Mona Lisa Smile (2003)
aka: As Per Gloria 

drama

directed by : Mike Newell
featuring : Julia Roberts - Kirsten Dunst - Julia Stile - Maggie Gyllenhaal - Juliet Stevenson
running time : 1 hour 57 minutes 
Set in 1953, Mona Lisa Smile tells the story of Katherine Watson (Julia Roberts), a new young art history professor at Wellesley College, an all-female campus with a prestigious reputation for academic excellence. Unfortunately for free-minded Berkeley grad Watson, her East Coast teaching stint comes during a less-progressive time that finds most of her students among them Betty Warren (Kirsten Dunst), Joan Brandwyn (Julia Stiles), and Giselle Levy (Maggie Gyllenhaal) more interested in nabbing a good husband than achieving scholastic and intellectual growth. Watson challenges her students and the Wellesley faculty to think outside of the current mores of the community and redefine what it means to be a success; meanwhile, she tries to come to terms with her own heart's desires. Mona Lisa Smile co-stars Marcia Gay Harden, Juliet Stevenson, and, as Watson's conflicting love interests, Dominic West and John Slattery.

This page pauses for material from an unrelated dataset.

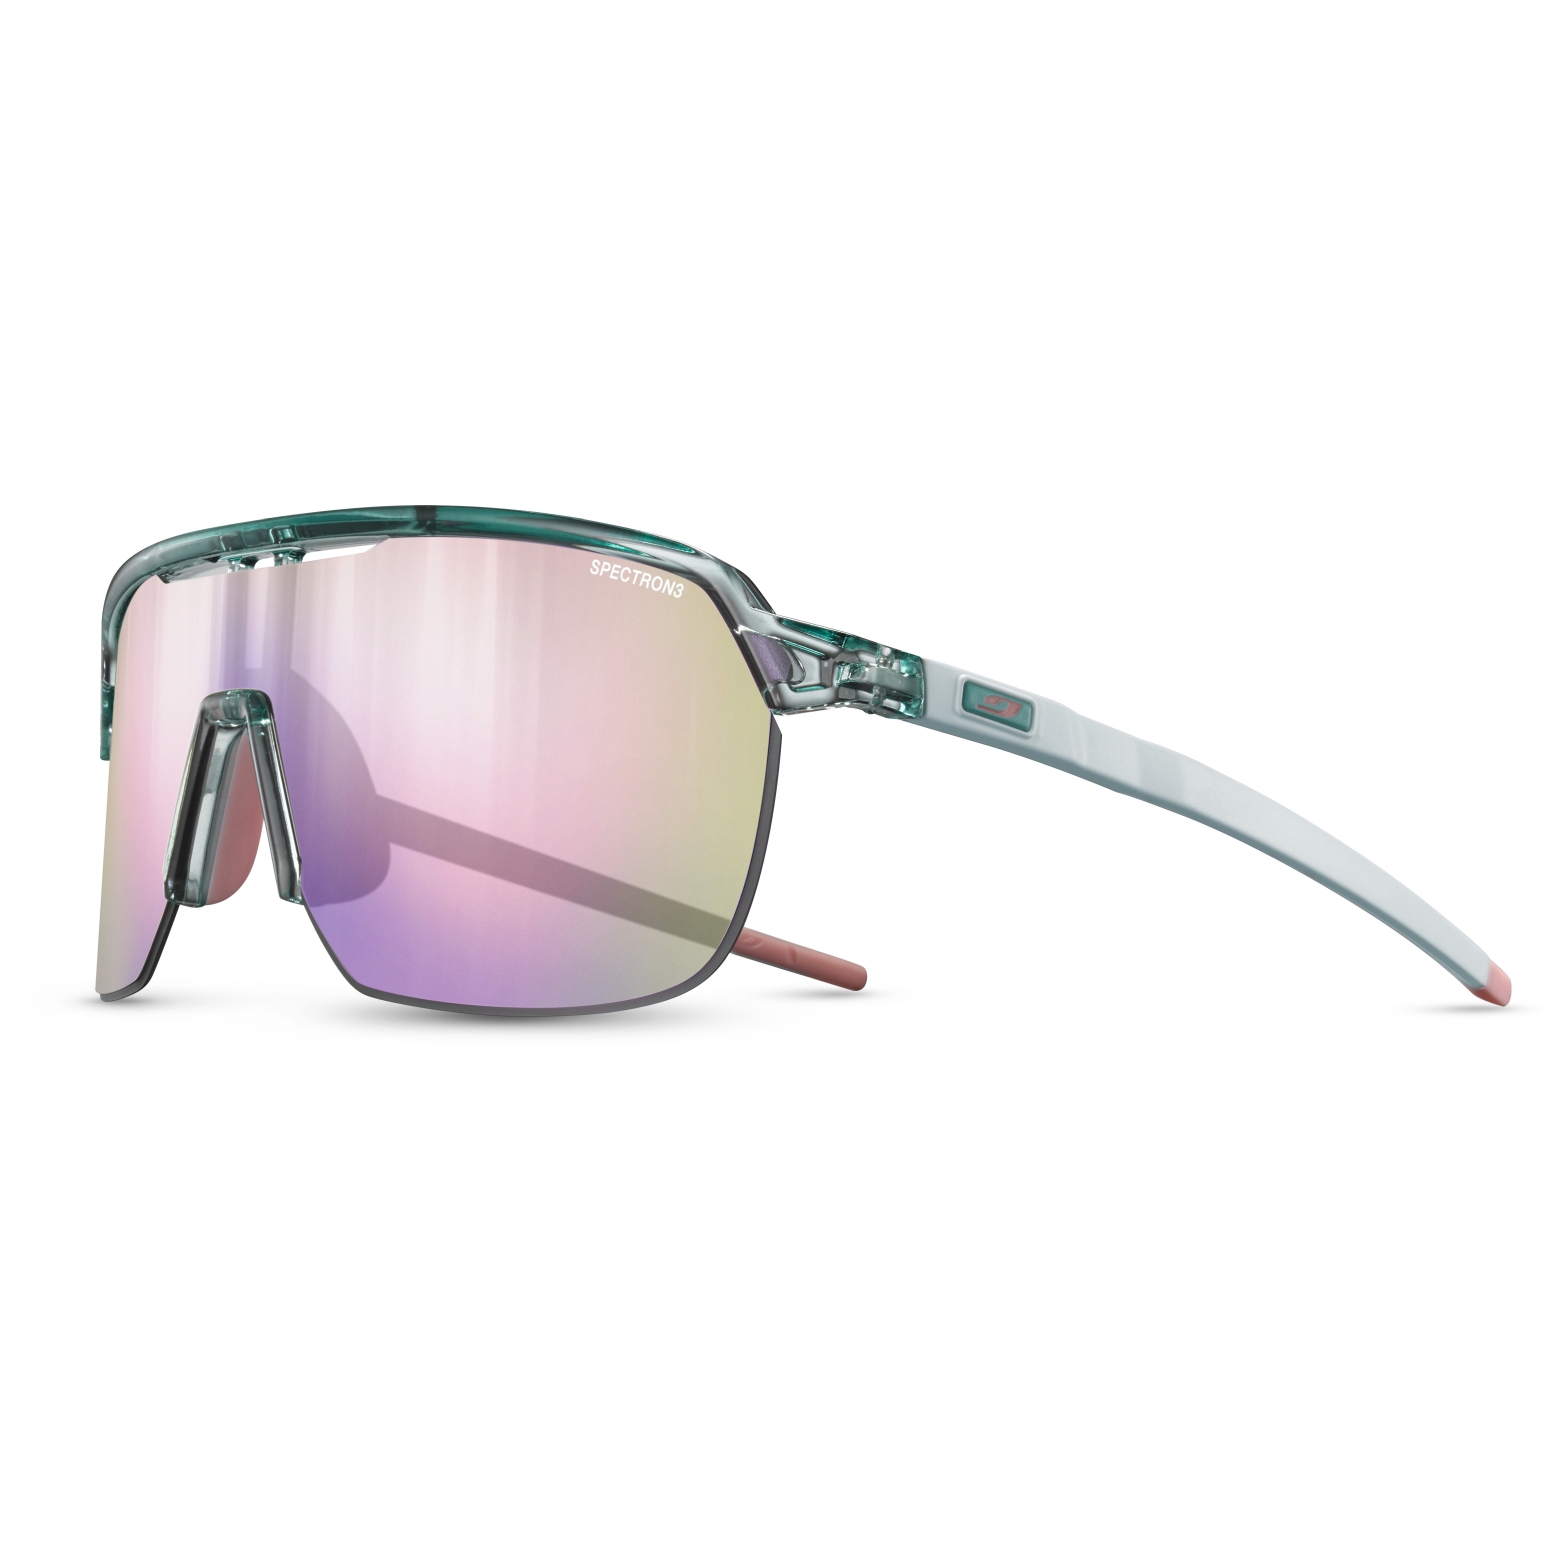 Picture of Julbo Frequency Sunglasses - Light Green Pink / Multilayer Light Pink Spectron 3

Wellesley College is a women's college where the best and the brightest women of New England's privileged class come to learn, if not necessarily to think. Mona Lisa Smile is about how the new art history teacher, unmarried Katherine Watson (Roberts), asks the young women of that university to reject the oppressive domestic goddess lifestyle that awaits almost all of them after graduation. Of the three students most affected by Watson, Gyllenhaal's Giselle Levy gets the best lines. The alcohol-swilling, sexually promiscuous rebel she plays feels like a product of the '50s, and Giselle quickly adores finding an older role model in Watson. Stiles does the best work in the film as Joan Brandwyn, who opens up to the possibility that she does not have to marry her sweetheart. Her scene with Roberts after she makes the decision about her future is the best scene in the film because it is the only one in which anybody shows Watson that her beliefs may not be best for everyone. Sadly, the talented Dunst as rich bitch Betty Warren is saddled with the worst scenes and the worst dialogue in the film. She suffers simply because she accepts wholeheartedly what she has been spoon-fed from childhood. Her punishment is so total and so extreme that the film becomes little more than a wholehearted acceptance of Watson's world view. That, plus the cartoonish treatment of Gay Harden as a heartbroken spinster who intensely believes in the importance of properly planned dinner parties, makes Mona Lisa Smile feel like a feminist film made by Wellesley graduates who want you to learn about feminism, but do not ask you to think about it.